PROBLEM STATEMENT. Beginning at the line containing "Пена у рта у", repeat each line below exactly up to and including the line containing "四川大学2020年硕士研究生考试复试分数线". Do not repeat the pictures.

INPUT MATERIAL.

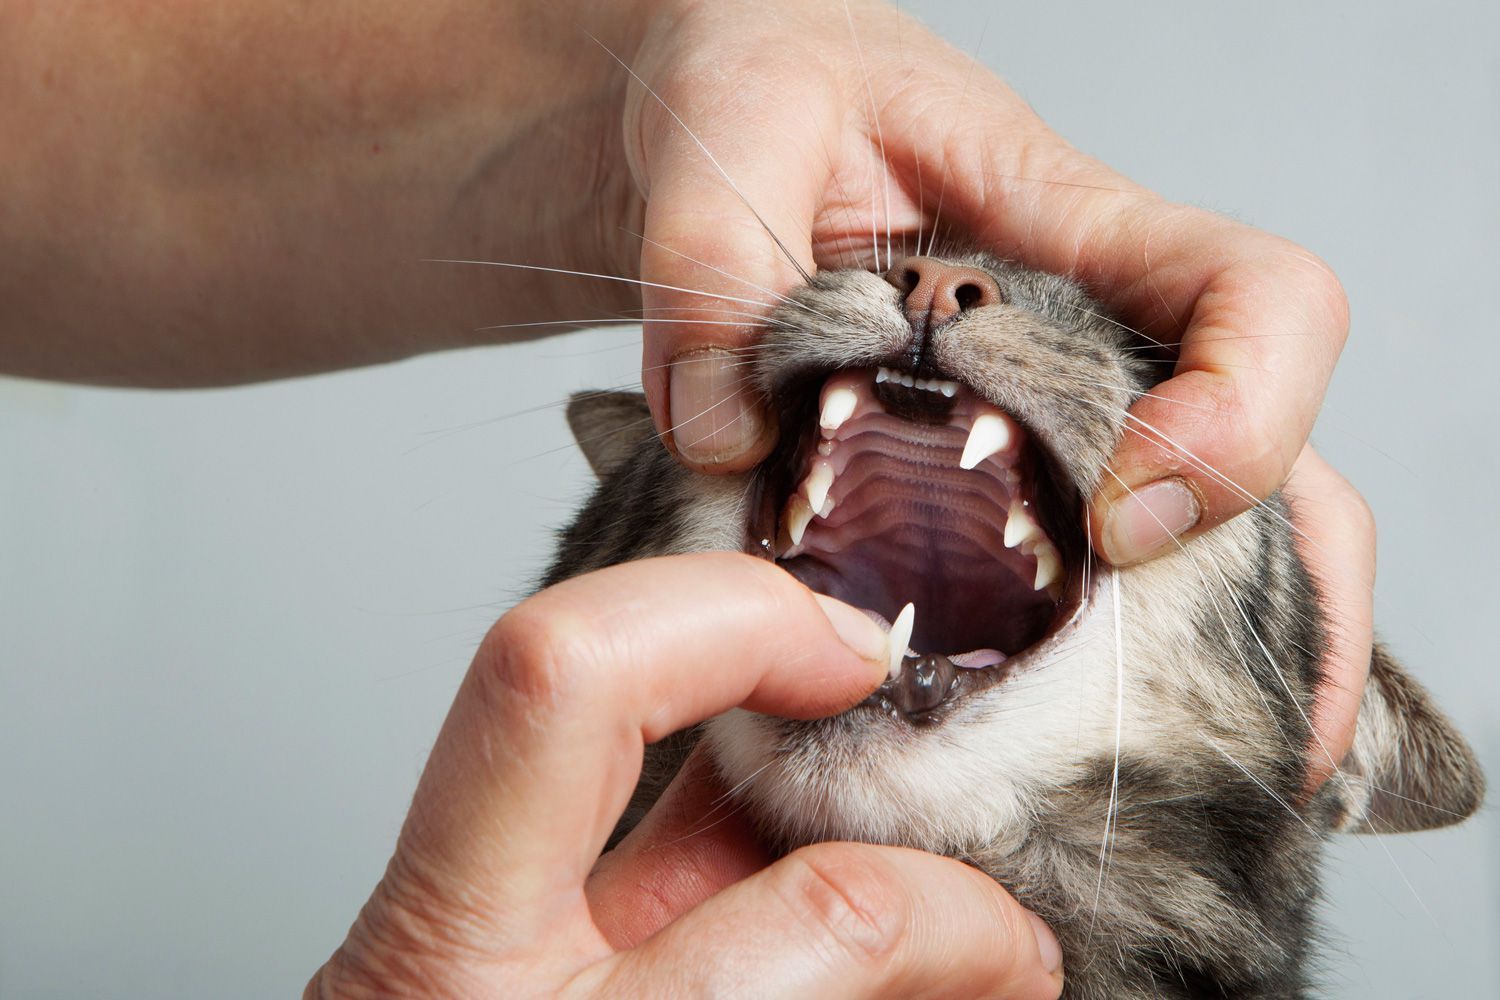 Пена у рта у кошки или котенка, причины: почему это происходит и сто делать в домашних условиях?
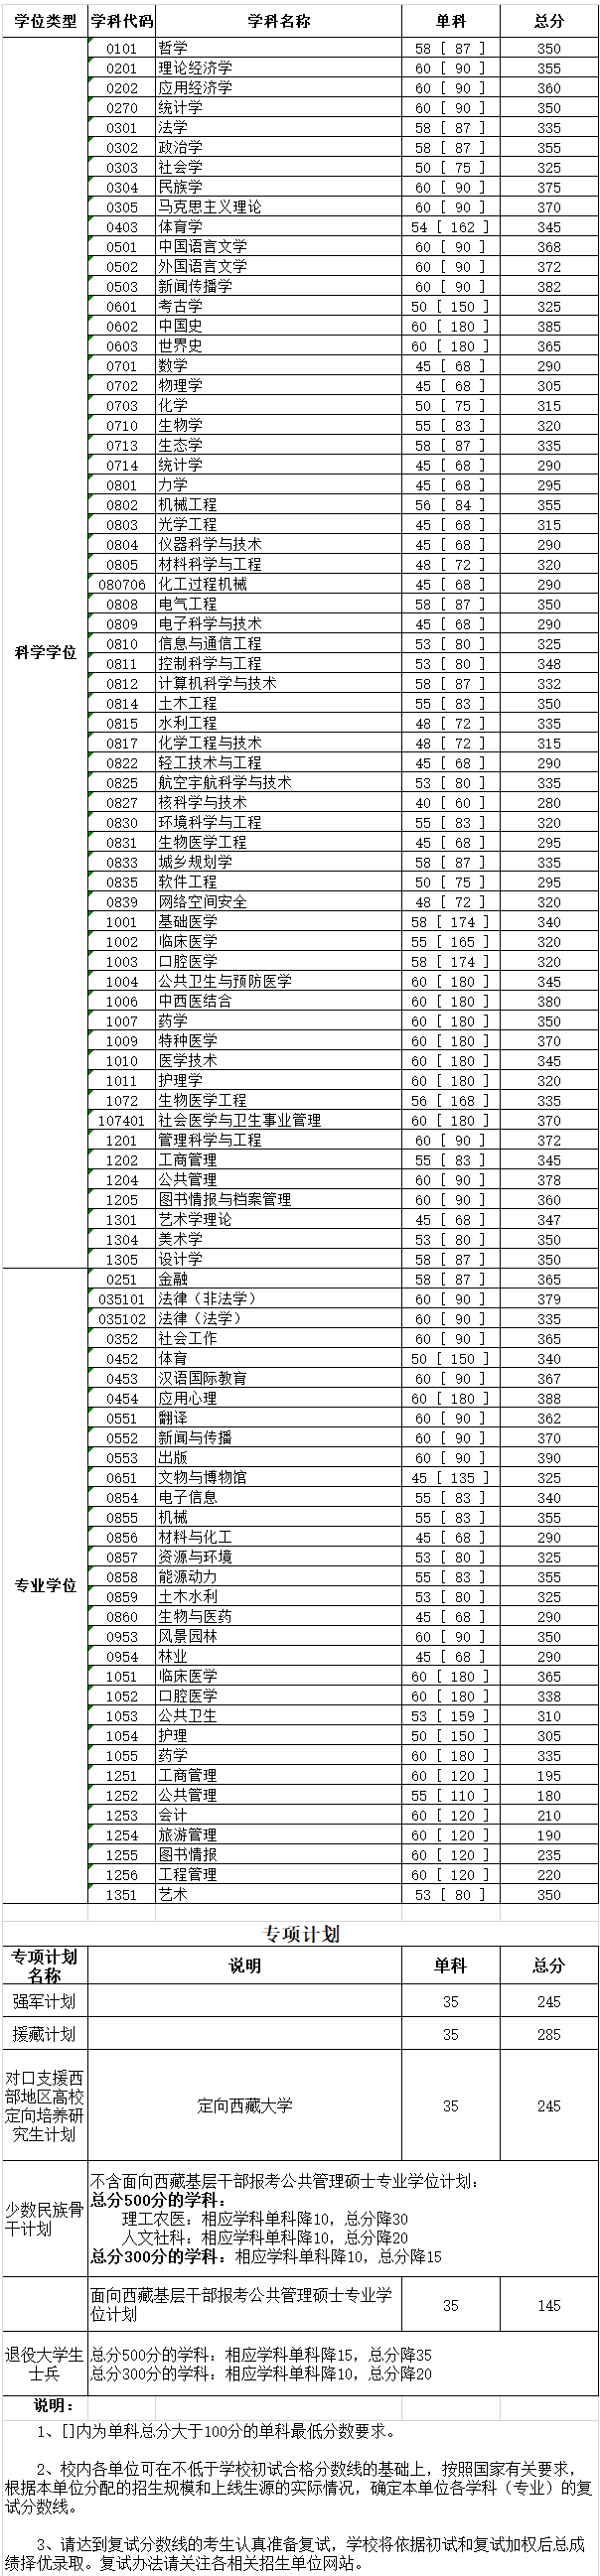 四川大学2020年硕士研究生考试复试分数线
* * *
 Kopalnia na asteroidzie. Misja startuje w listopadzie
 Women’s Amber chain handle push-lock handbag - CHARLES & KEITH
* * *
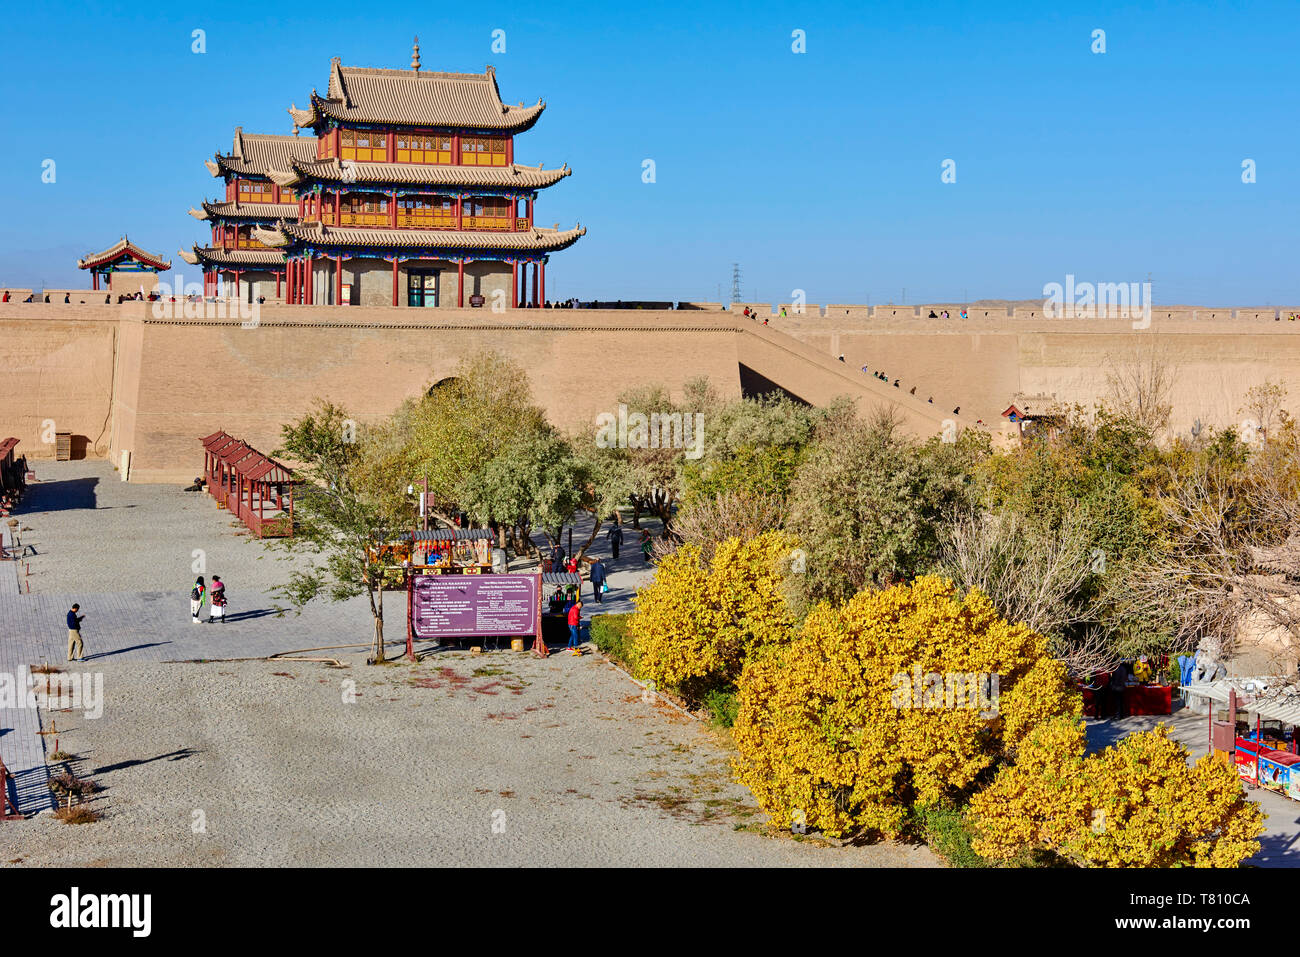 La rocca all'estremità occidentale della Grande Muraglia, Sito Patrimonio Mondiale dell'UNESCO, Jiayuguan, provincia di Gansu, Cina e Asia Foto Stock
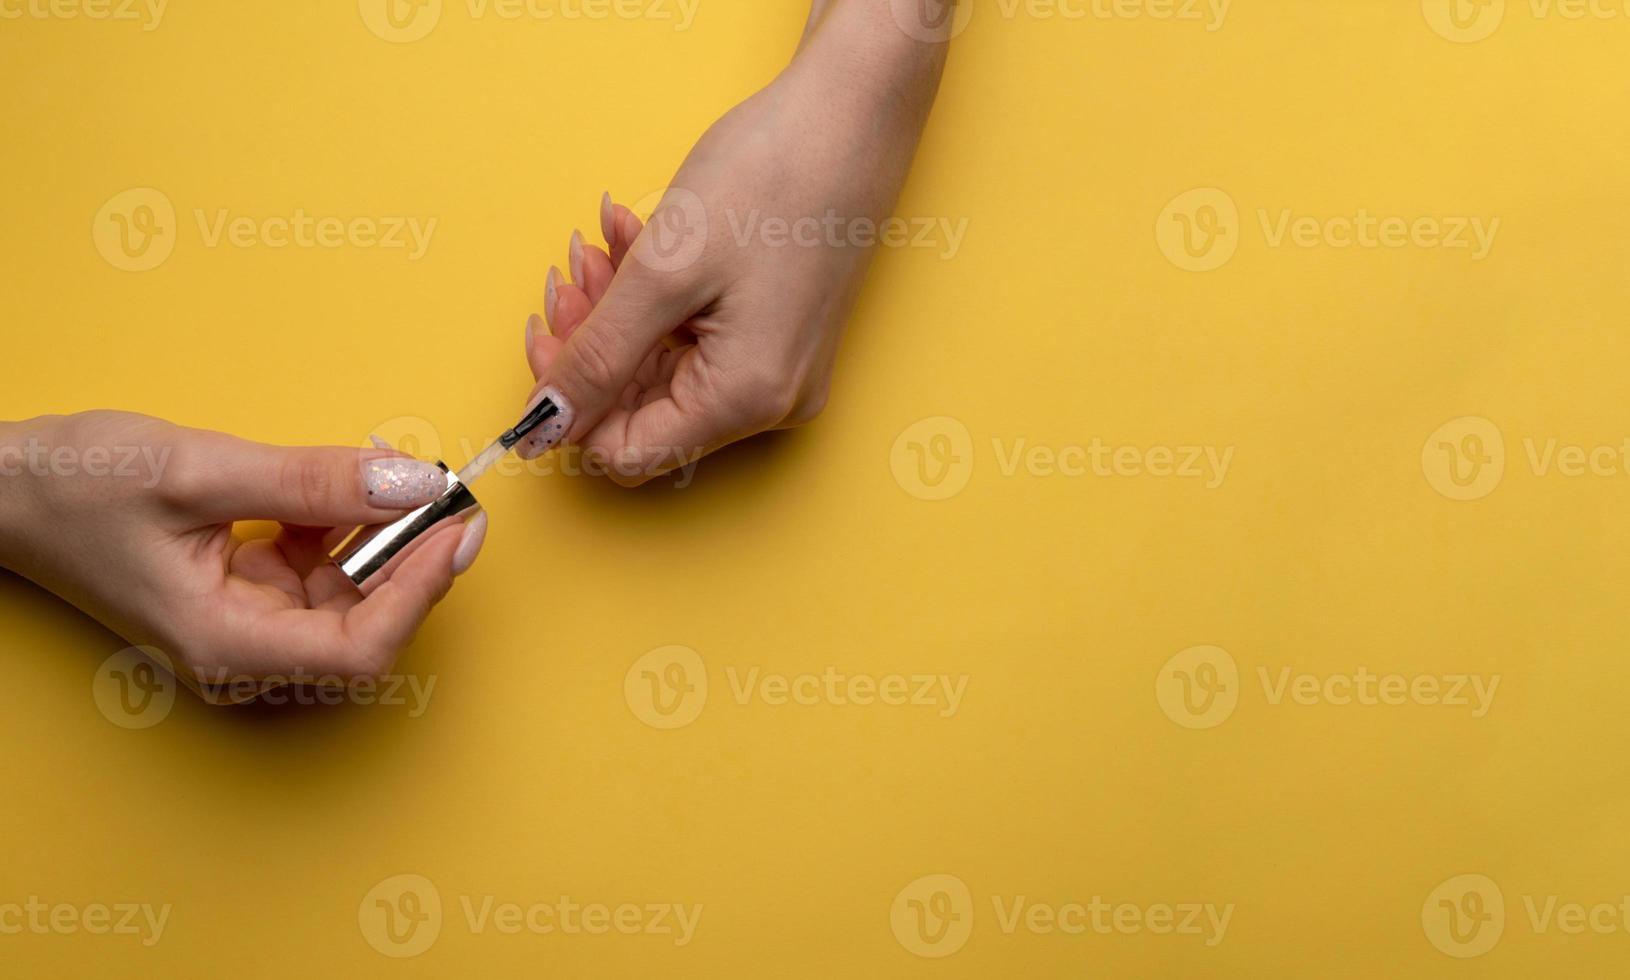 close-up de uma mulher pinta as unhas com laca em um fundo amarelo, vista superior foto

TASK SOLUTION.
 Пена у рта у кошки или котенка, причины: почему это происходит и сто делать в домашних условиях?
 四川大学2020年硕士研究生考试复试分数线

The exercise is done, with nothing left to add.